As we reported Friday, the magazine includes a lengthy statement said to be from James Foley, whom IS had beheaded in the days before A Call to Hijrah was released. It also calls President Barack Obama an “apostate,” which according to Islamic law marks him for death. IS may believe that Obama is a Muslim apostate because his father and grandfather were Muslims, or because he was educated in an Islamic school as a child in Indonesia, or both, and now states that he is a Christian.
In its opening chapters, Dabiq stakes the Islamic State’s claim that it is unique in all of history.
That is from page four, which includes an undated photo of IS leader Abu Bakr al-Baghdadi. He is probably the “unknown man” that the text above refers to, because until the rise of the Islamic State he has not been the worldwide known figure that Osama bin Laden was for al Qaeda until his death.

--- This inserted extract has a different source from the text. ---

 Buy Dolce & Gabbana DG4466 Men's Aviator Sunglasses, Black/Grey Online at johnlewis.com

Dabiq states if one were to travel to the Islamic State’s units on the front-lines in Syria and Iraq, they would see that the “soldiers and commanders [are] of different colors, languages and lands: the Najdi, the Jordanian, the Tunisian, the Egyptian, the Somali, the Turk, the Albanian, the Chechen, the Indonesian, the Russian, the European, the American, and so on. They left their families and their lands to renew the state of the muwahhidin in Sham, and they had never known each other until they arrived in Sham!”
The author goes on to state: “I have no doubt that this state…has become the largest collection of muhajirin in the world, is a marvel of history that has only come about to pave the way for al-Malhamah al-Kubra (the grand battle prior to the Hour).”

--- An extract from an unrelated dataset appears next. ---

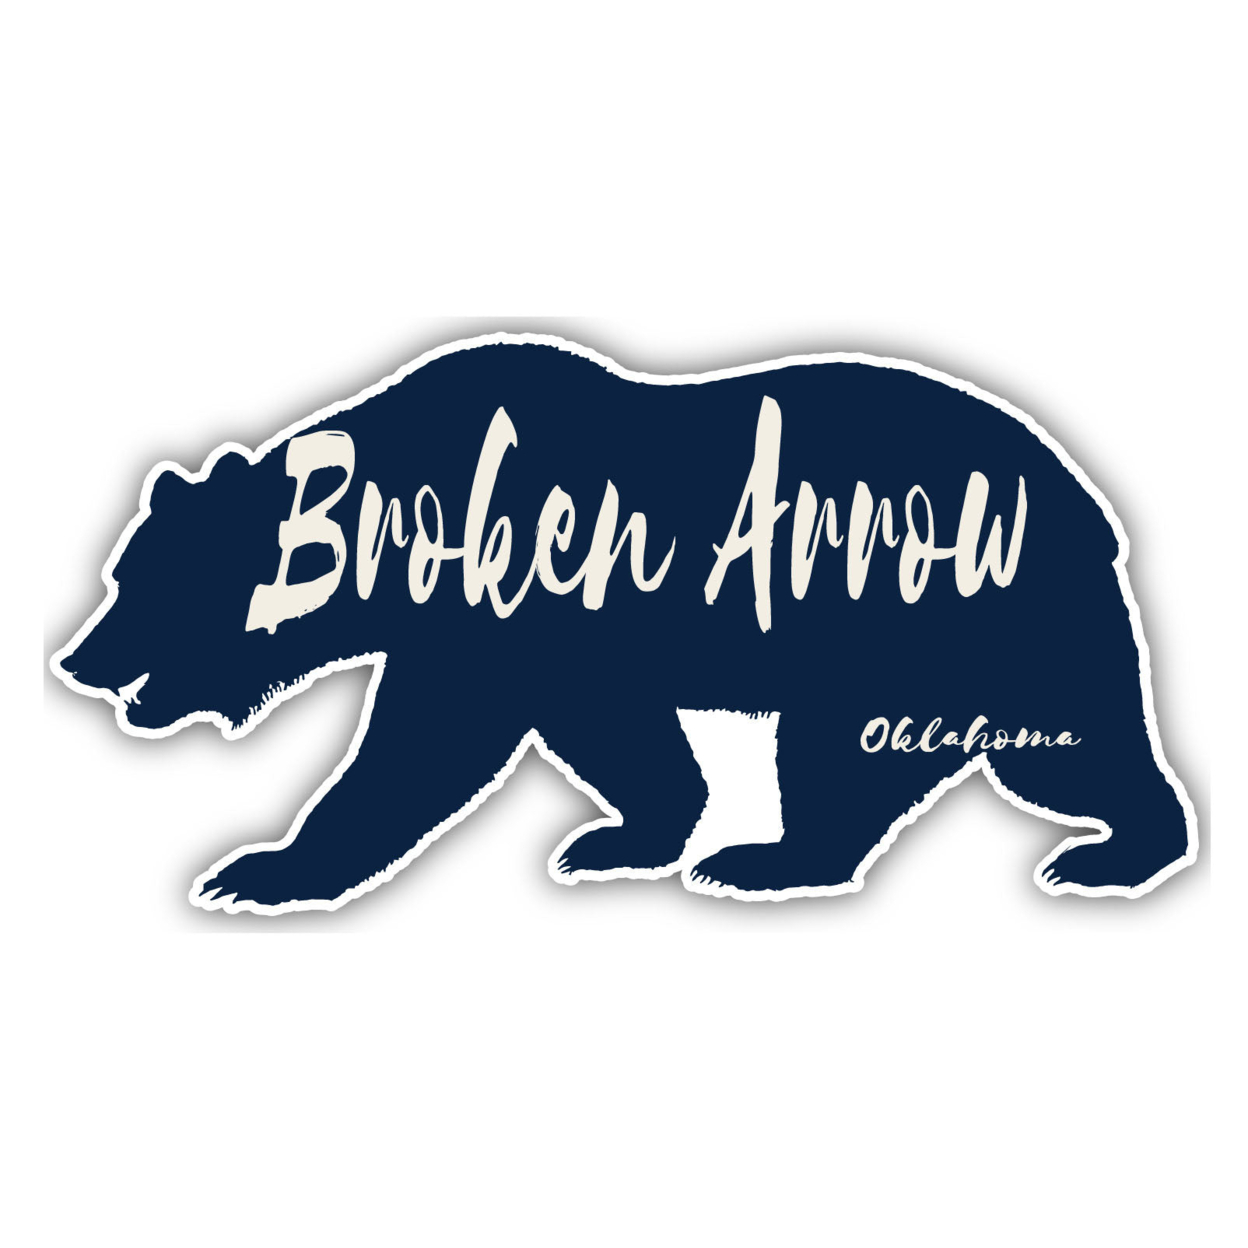 Broken Arrow Oklahoma Souvenir Decorative Stickers (Choose Theme And Size) - Single Unit, 8-Inch, Bear

Part 2 of Dabiq, which begins on page 6, continues in this vein, extolling its jihadists. It connects Ibn Masud, who lived in the time of Mohammed, to al Qaeda in Iraq leader Abu Musab al-Zarqawi, who also praised foreign fighters who joined the al Qaeda cause in Iraq. Part 2 endeavors to put the Islamic State squarely into Islamic history, in the mainstream, as inheritors of the mantle left by Mohammed himself and carried out by Zarqawi and now al-Baghdadi.
As a propaganda and recruitment tool, Dabiq is impressive. It is well-produced and takes the time to explain many Islamic concepts that even Muslims who grew up in the West might not be familiar with. The magazine’s characterization of the Islamic State as a multi-national and multi-ethnic melting pot, coupled with photos of smiling IS warriors, is an overt pitch to westerners who have been steeped in multiculturalism in schools and media for decades. IS is pitching itself as the joyous fulfillment of the West’s ideal to bring all races, nationalities and cultures together to live side-by-side in harmony.
The Islamic State’s harmony depends not on voluntary assimilation and tolerance, but on exterminating everyone and everything that it deems haram — sinful.